*Goal of the exercise*. From the first line below to the last, reproduce the material exactly and leave out the images.

*Recorded data*.
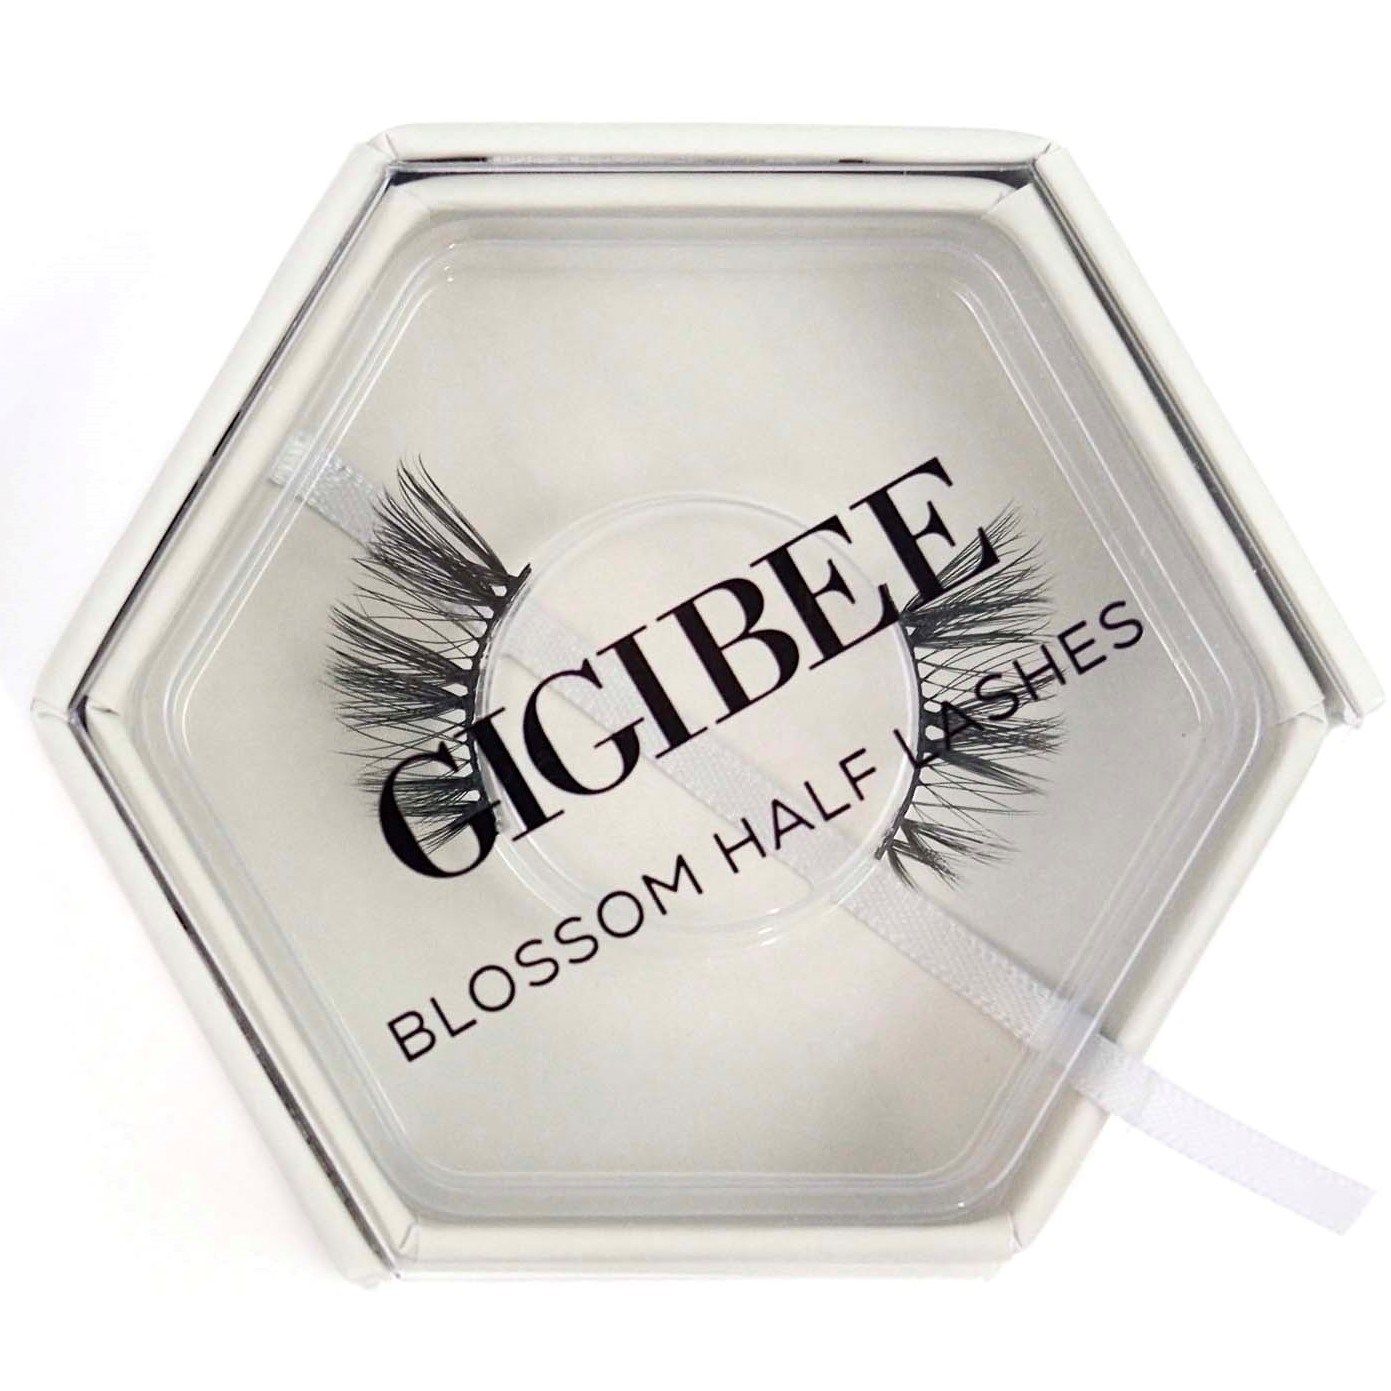 Gigibee Beauty Blossom Half Lashes
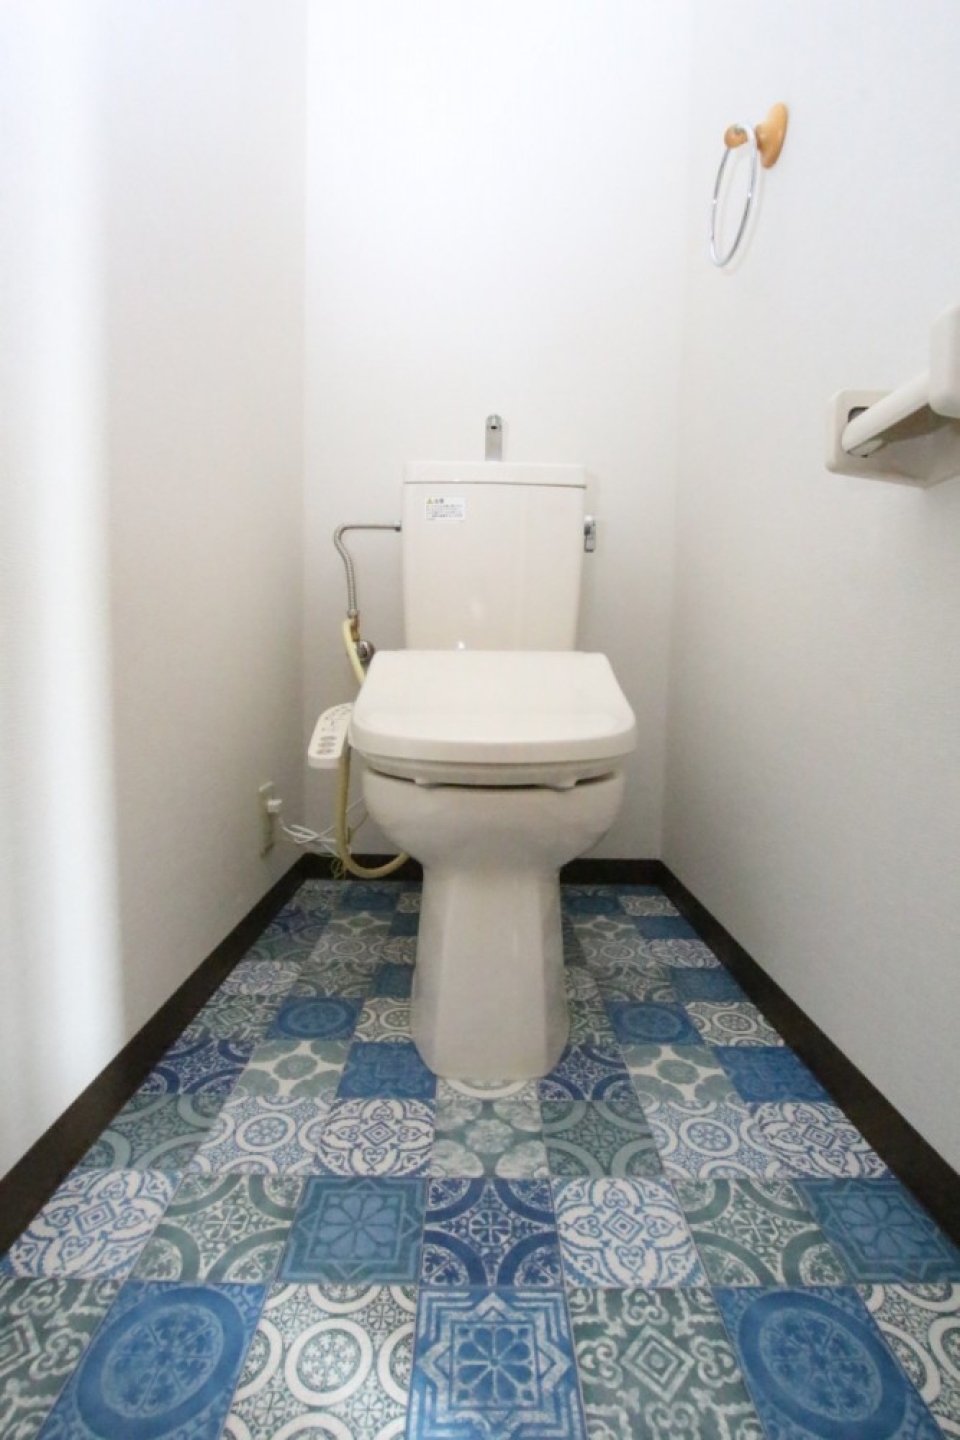 トイレ内の床はド派手デザイン。
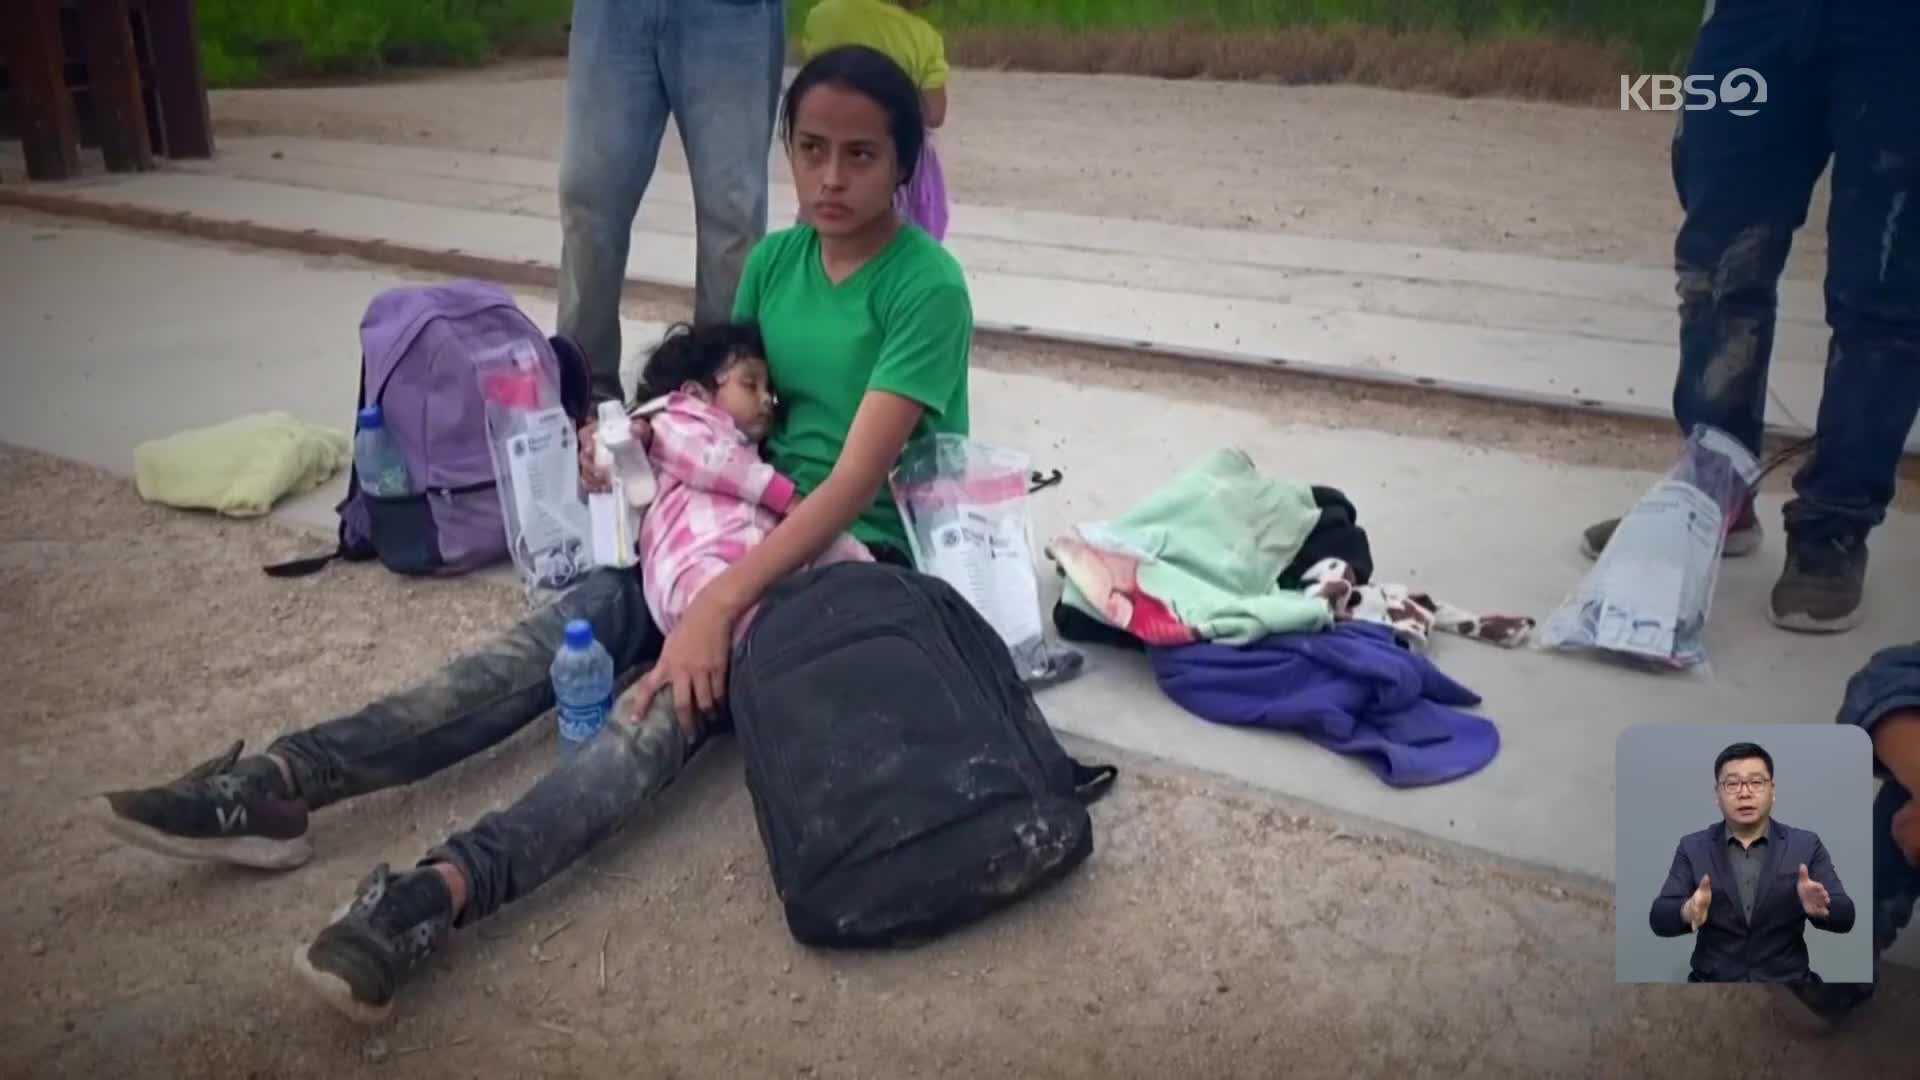 [지구촌 IN] 홀로 국경 넘는 아이들…美 이민 정책 ‘시험대’
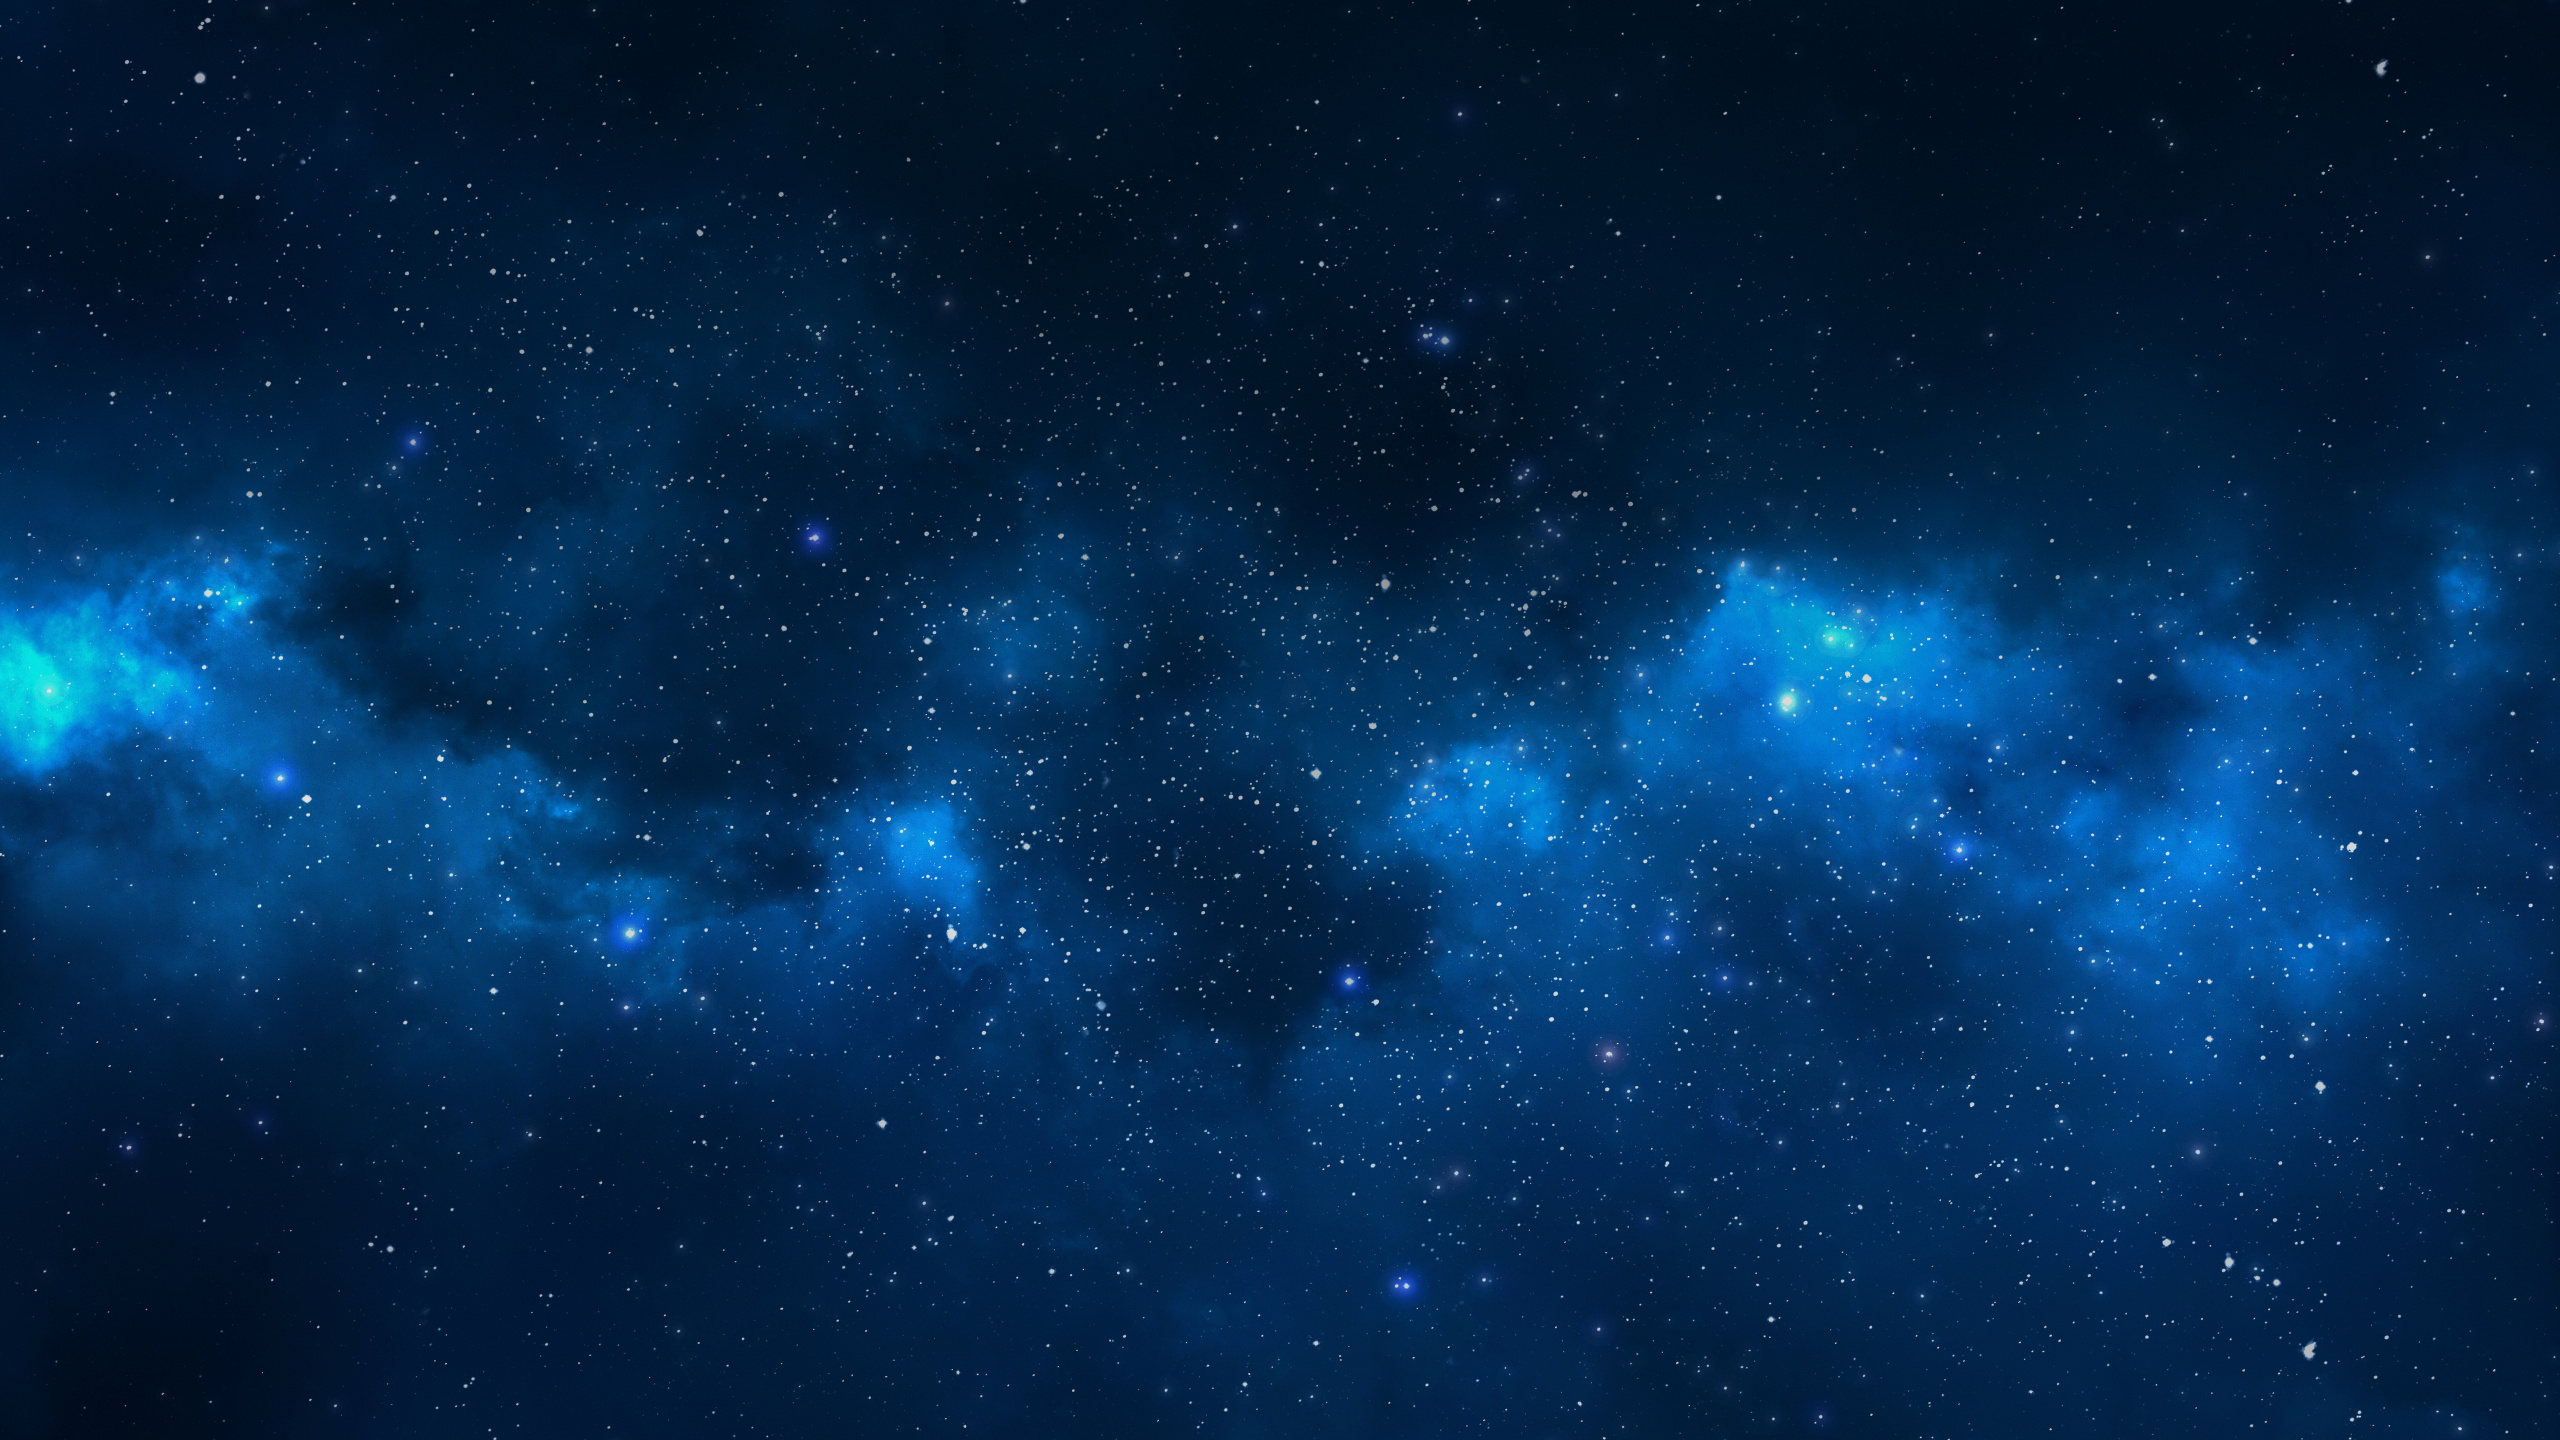 天文学对象, 外层空间, 空间, 夜晚的天空, 明星 壁纸 2560x1440 允许

*Output below*.
 Gigibee Beauty Blossom Half Lashes
 トイレ内の床はド派手デザイン。
 [지구촌 IN] 홀로 국경 넘는 아이들…美 이민 정책 ‘시험대’
 天文学对象, 外层空间, 空间, 夜晚的天空, 明星 壁纸 2560x1440 允许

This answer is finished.